Exercise = From the line containing "Gocycle GX electric" to the line containing "Exclusive!! Rocker and" in the entries below, reproduce every line exactly, ends included. Nothing else belongs in the copy, and no pictures.

Dataset content =
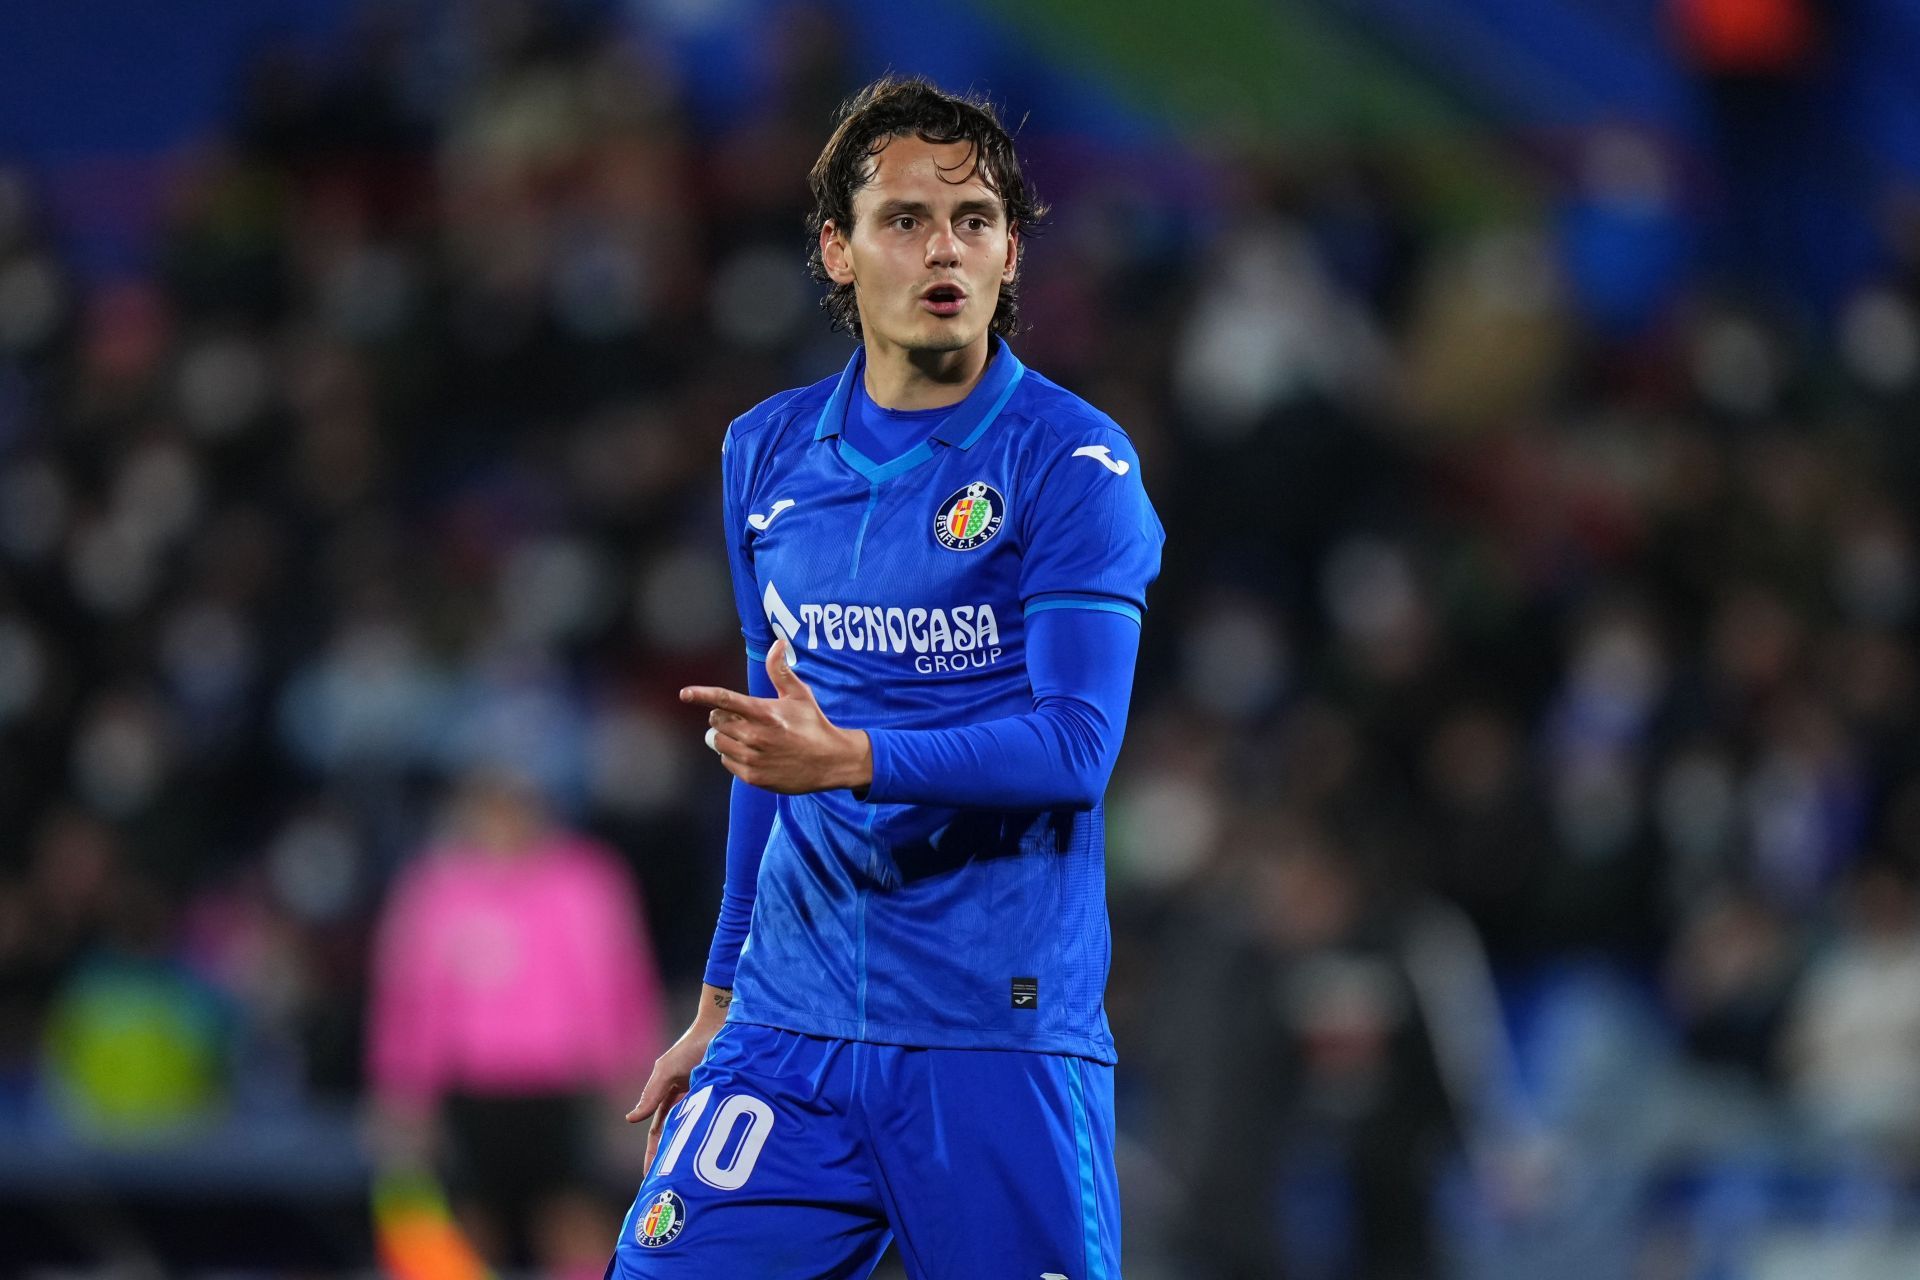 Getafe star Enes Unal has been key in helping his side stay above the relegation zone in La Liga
---
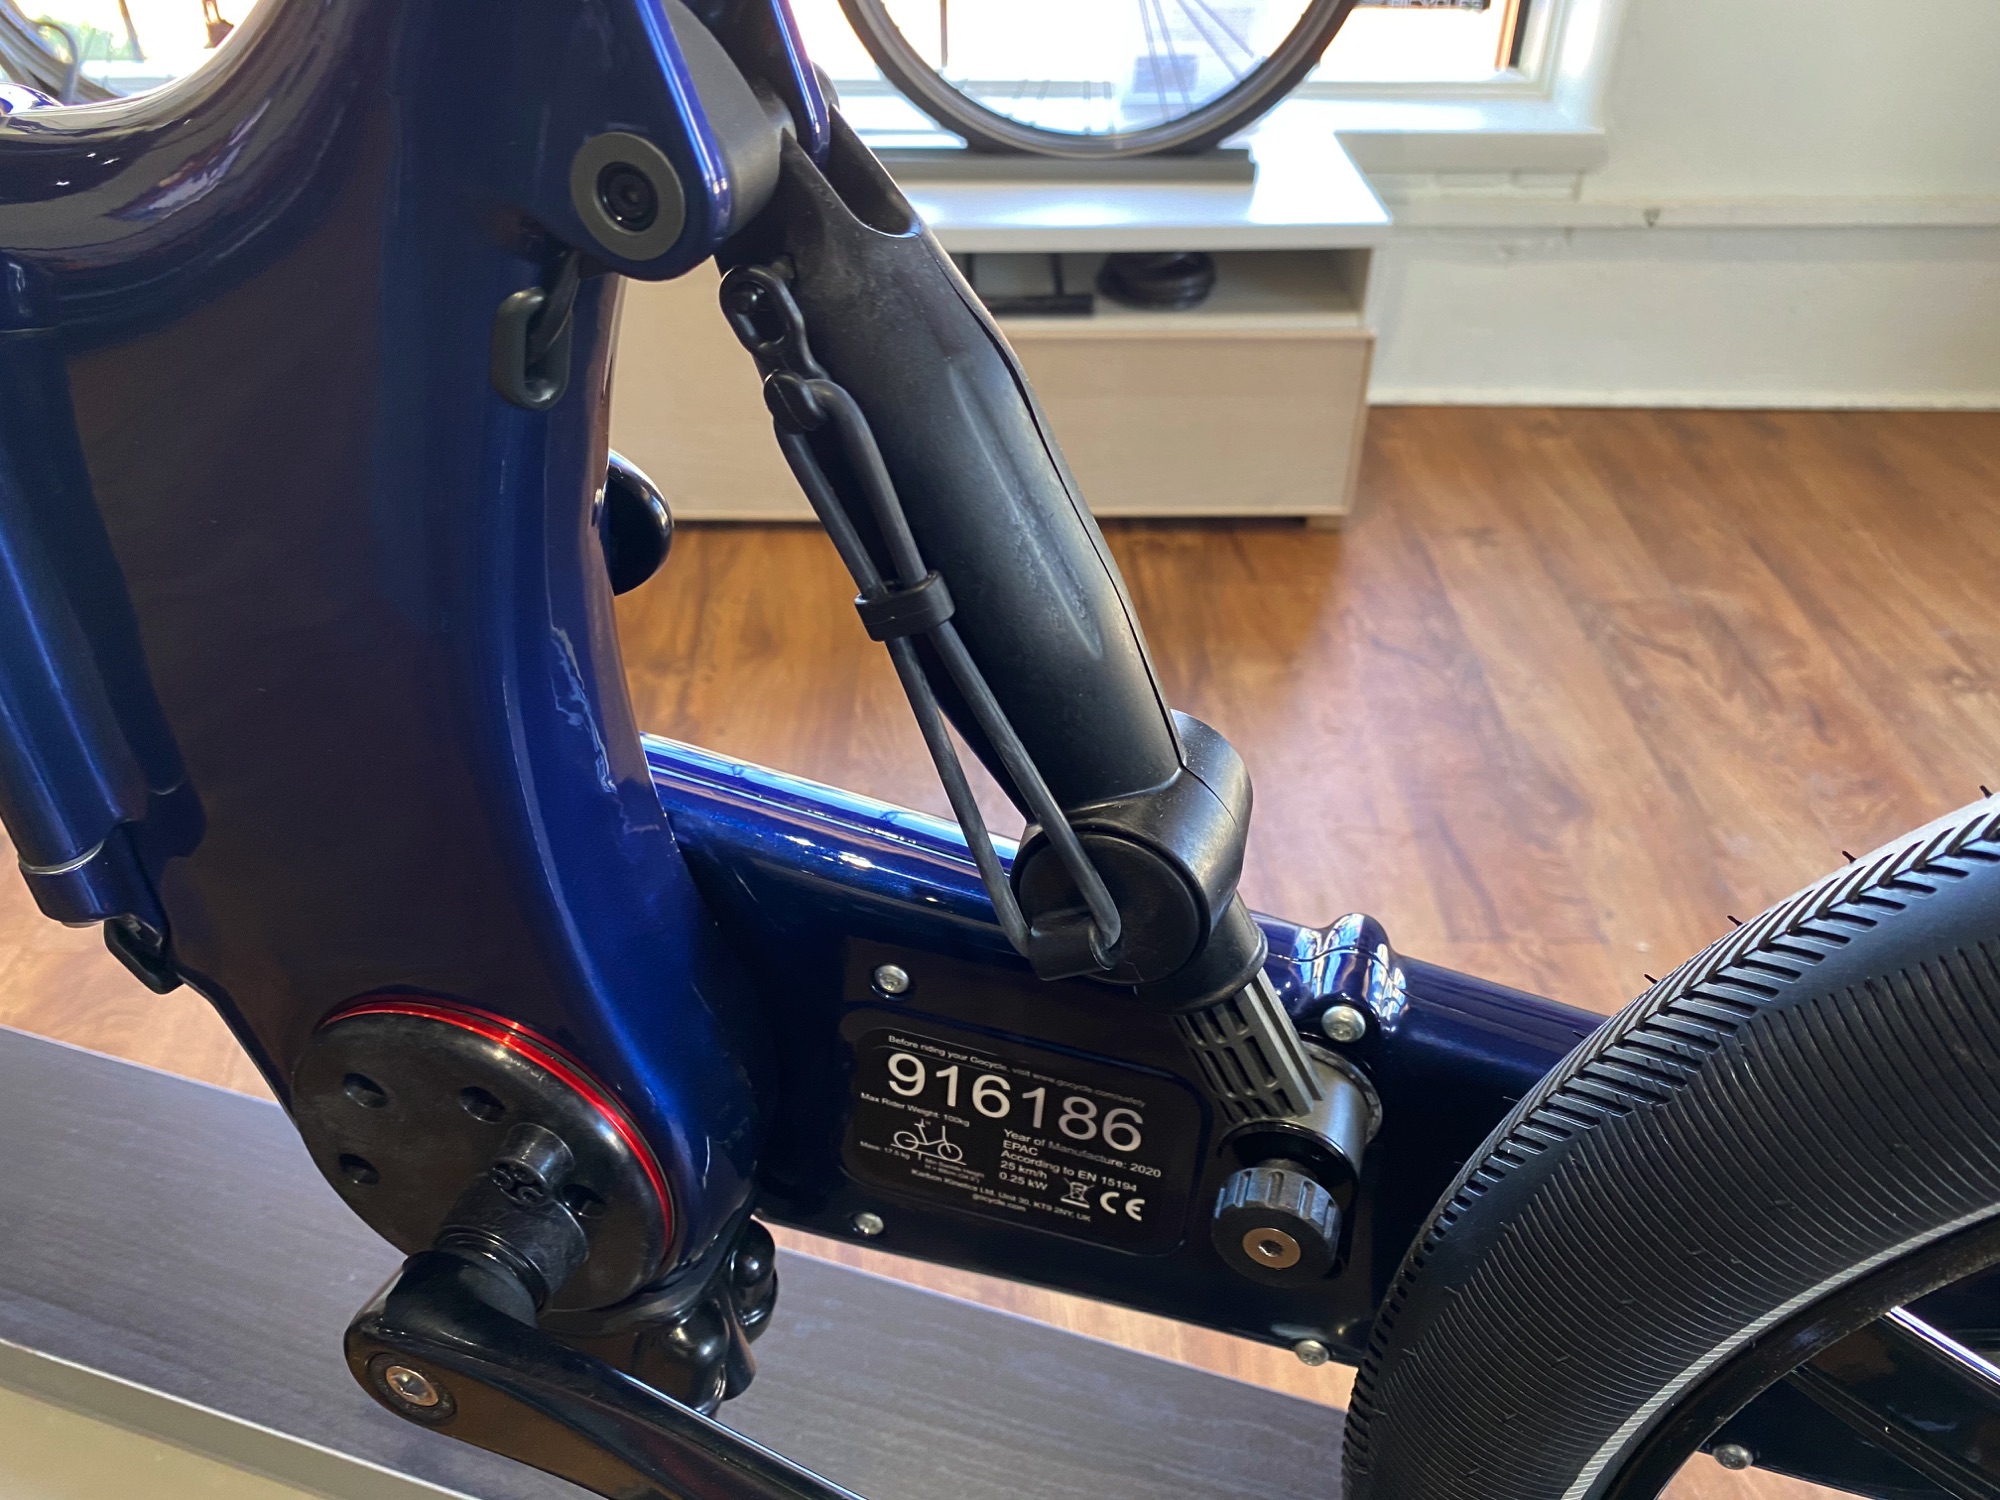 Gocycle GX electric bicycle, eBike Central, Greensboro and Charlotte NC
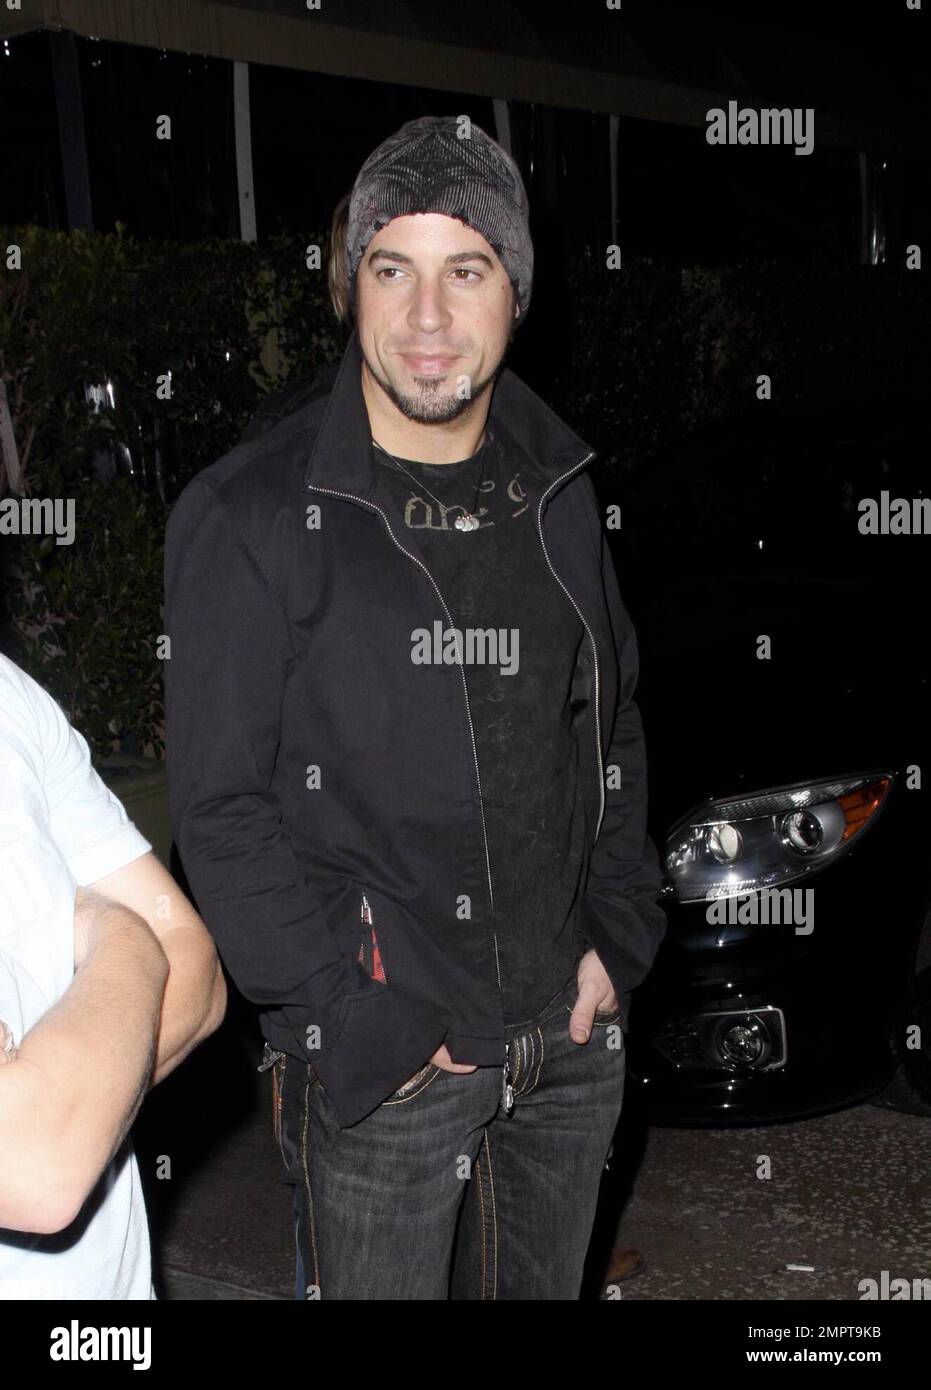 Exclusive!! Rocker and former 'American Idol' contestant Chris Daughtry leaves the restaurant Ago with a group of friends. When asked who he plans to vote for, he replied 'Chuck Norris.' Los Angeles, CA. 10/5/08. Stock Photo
--
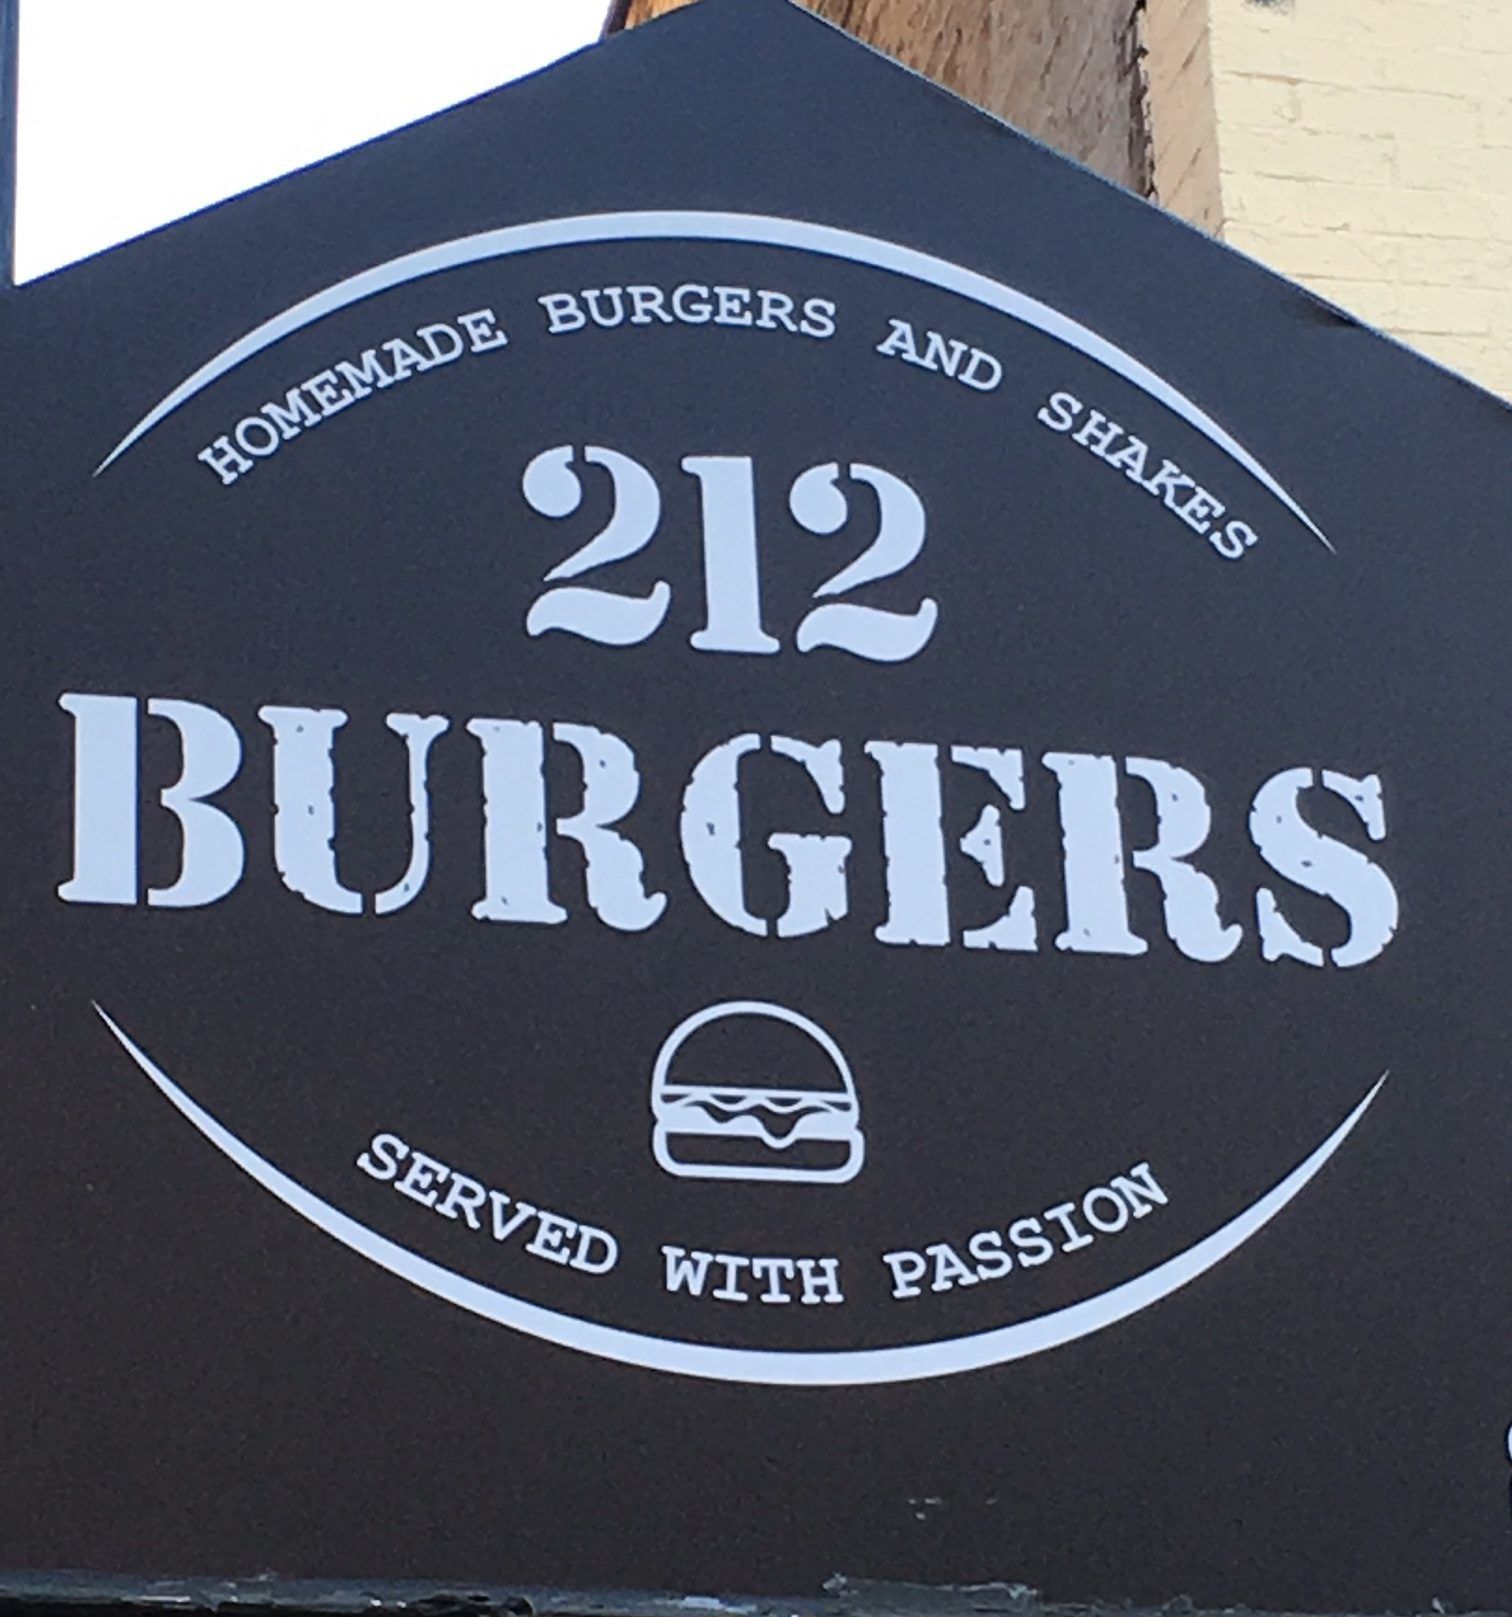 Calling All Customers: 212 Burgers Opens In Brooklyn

Result for this exercise =
 Gocycle GX electric bicycle, eBike Central, Greensboro and Charlotte NC
 Exclusive!! Rocker and former 'American Idol' contestant Chris Daughtry leaves the restaurant Ago with a group of friends. When asked who he plans to vote for, he replied 'Chuck Norris.' Los Angeles, CA. 10/5/08. Stock Photo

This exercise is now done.